Наматываю портянки, беру фуражку, отворяю дверь… Марковский портрет висит на стене, а Блохин стоит рядом, но разглядывает другую картину или… или… не пойму что в тяжелой позолоченной раме. Подхожу ближе. Оказывается, это крупная открытка с изображением Новоафонского монастыря под Сухумом. То есть… под Сухуми. Ванька восхищенно комментирует:

– Ова! Тут тебе и горы, и вертепы, и бучилище…

Ванька говорил так мало, что мы прозвали его «великим немым». Никому душу свою не открывал, да и вообще о себе не рассказывал. Иногда мне казалось: нужно было мужику прибиться куда-то, когда повсюду буря, он и прибился к нам, словно к бурлацкому братству или ремесленной артели. Но нет, ведь он не мобилизованный, а доброволец. Почему же именно белая «артель» притянула его к себе, а не красная?

– Какие… вертепы?

– Та… вот же.

Вертепами он, наверное, называет пропасти, провалы между горами. А бучилищем – кипение воды у кромки прибоя. Но слово-то не морское, речное слово, из глубины России.

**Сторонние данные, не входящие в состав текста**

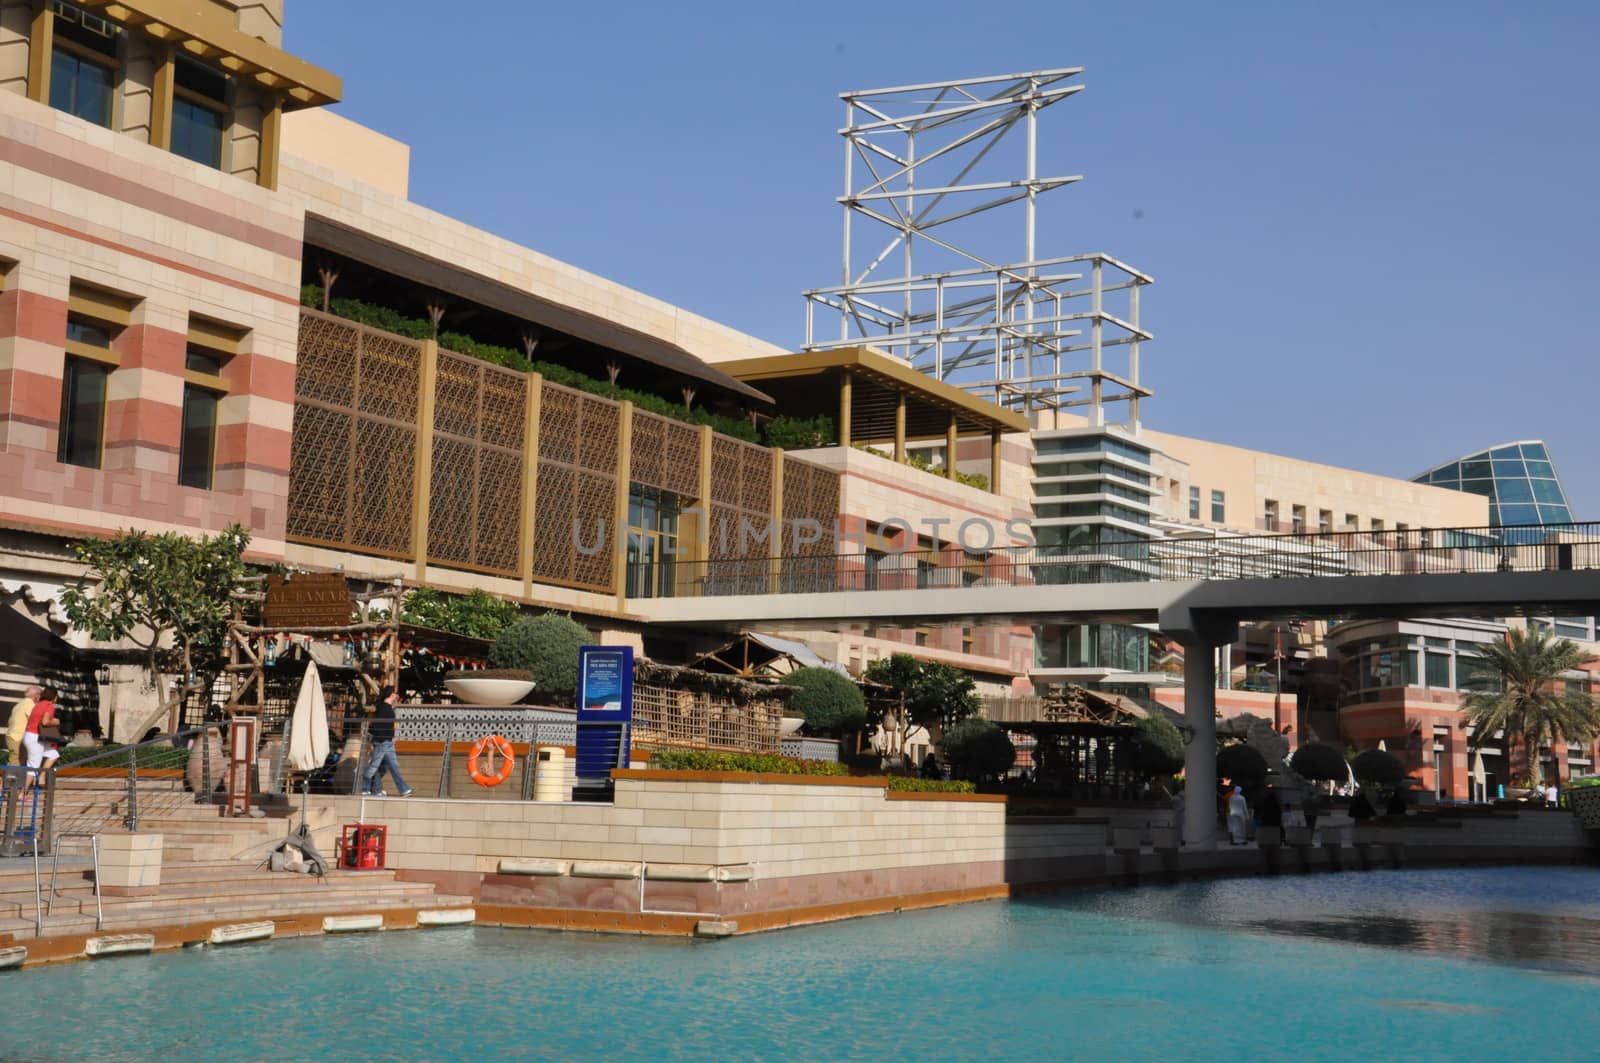 Festival Centre Waterfront in Dubai, UAE by sainaniritu

– Признайся честно, не бывал ты никогда на море?

– Не бывал, – согласился Ванька, не отрывая взгляда от открытки, – а как война кончится, так и съездю. Еще братовьев с собой прихвачу. Только нет на нее, злыдню, угомона…

Ванька вздыхает. Гладит указательным пальцем купол монастырского храма, скалы, пену морскую.

– Красовито… Хочу съездить и наглядеться вволю. Бают, хлебные места, не пропадем…

А потом добавляет, не глядя на меня:

– А ты, Андреич, сходи-ка в церкву. С Ворожбы маесся, аж лицо череньким стало.

– Так видно?

Он молча кивает.

– Я туда и собрался. Пригляди, слышь, за винтовкой, и взводному скажи, если что…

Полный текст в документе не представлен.